Markets and Economy Digitalisation is opening up new value-added opportunities
In China, the digital trend is very evident and is supported by increasing infrastructure spend.
China’s domestic sector has grown significantly and now constitutes a dominant share of GDP. The domestic economy has staged a recovery following the disruption caused by Covid-19 and remains resilient due to several factors.
Firstly, China has imposed strict control measures to contain the outbreak and we believe the government has demonstrated its capability to manage the situation. Secondly, policy support is evident with lending rates and banks’ reserve requirements being cut several times to enhance liquidity. At the same time, the budgetary fiscal deficit has increased and special Covid-19 government bonds have been issued to boost infrastructure spend and employment. As such, domestic sectors such as industrial production and retail sales have been improving since March 2020 (figure 1) and we expect them to gather momentum as economic activities normalises further.
The past few years have seen a rise in geopolitical tensions between the world’s two largest economies. We are closely monitoring the situation given the change in presidency in the US. We believe tensions between these two countries are unlikely to go away given their strategic rivalry. That said, we believe the new US administration might take a different approach while dealing with competition from China. We believe the risk of further market disruptive policies being introduced has declined.
We have positioned the strategy to capitalise on domestically focused companies, by selecting stocks benefiting from structural growth trends. We believe these stocks offer higher earnings visibility and growth, and will deliver sustained returns for investors. Our analysts on the ground have noticed a strong increase in consumers’ wealth which is driving up overall spend as well as demand for more high-end products. Since the latter can be sold at higher prices than lower-end products, some companies are improving their product offerings to meet this demand. This has led to our investment in a large tissue producer, a long term holding in the fund.

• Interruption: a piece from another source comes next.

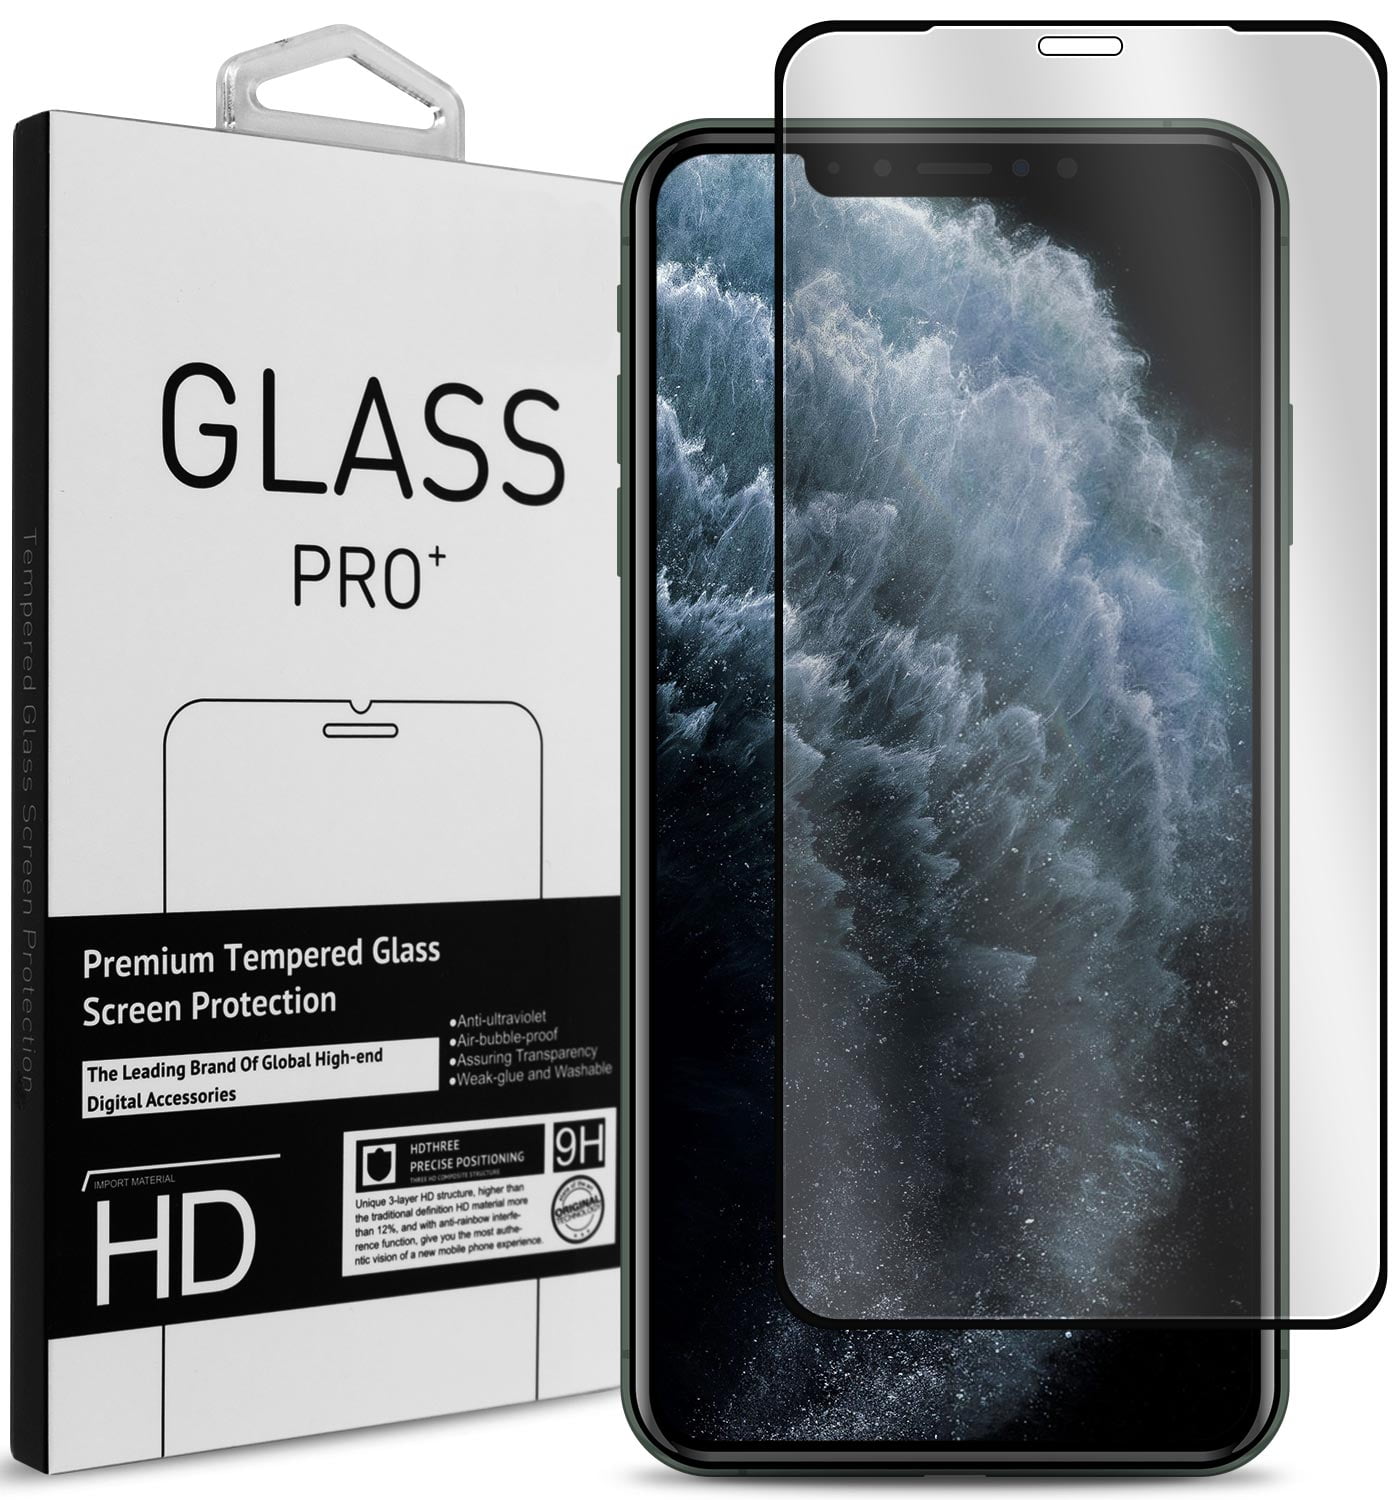 x10 Full 9H Tempered Glass Apple iPad PRO 11 inch screen protector 2018 2019

The company is moving its product mix towards mid-to-high end tissues and is doing so, within a growing market. The per capita tissue consumption in China has grown at a CAGR of 8% (2010-2018) versus global growth of 3%1. In particular, non-toilet tissues including facial tissues, as well as higher-end products have experienced rapid demand growth (CAGR of 13%) over the same period. Against this backdrop, the company has focused on facial tissues while continuing to launch higher quality toilet tissue products (figure 1). We believed that the company’s valuation did not fully reflect its potential to deliver double-digit organic sales growth while maintaining a healthy margin, as it continued to position its business to benefit from this strong premiumisation trend.
In China, the digital trend is very evident and is supported by increasing infrastructure spend.
Our investment strategy favours private enterprises. They are highly competitive and innovative, constantly utilising new technologies to deliver market leading products and services.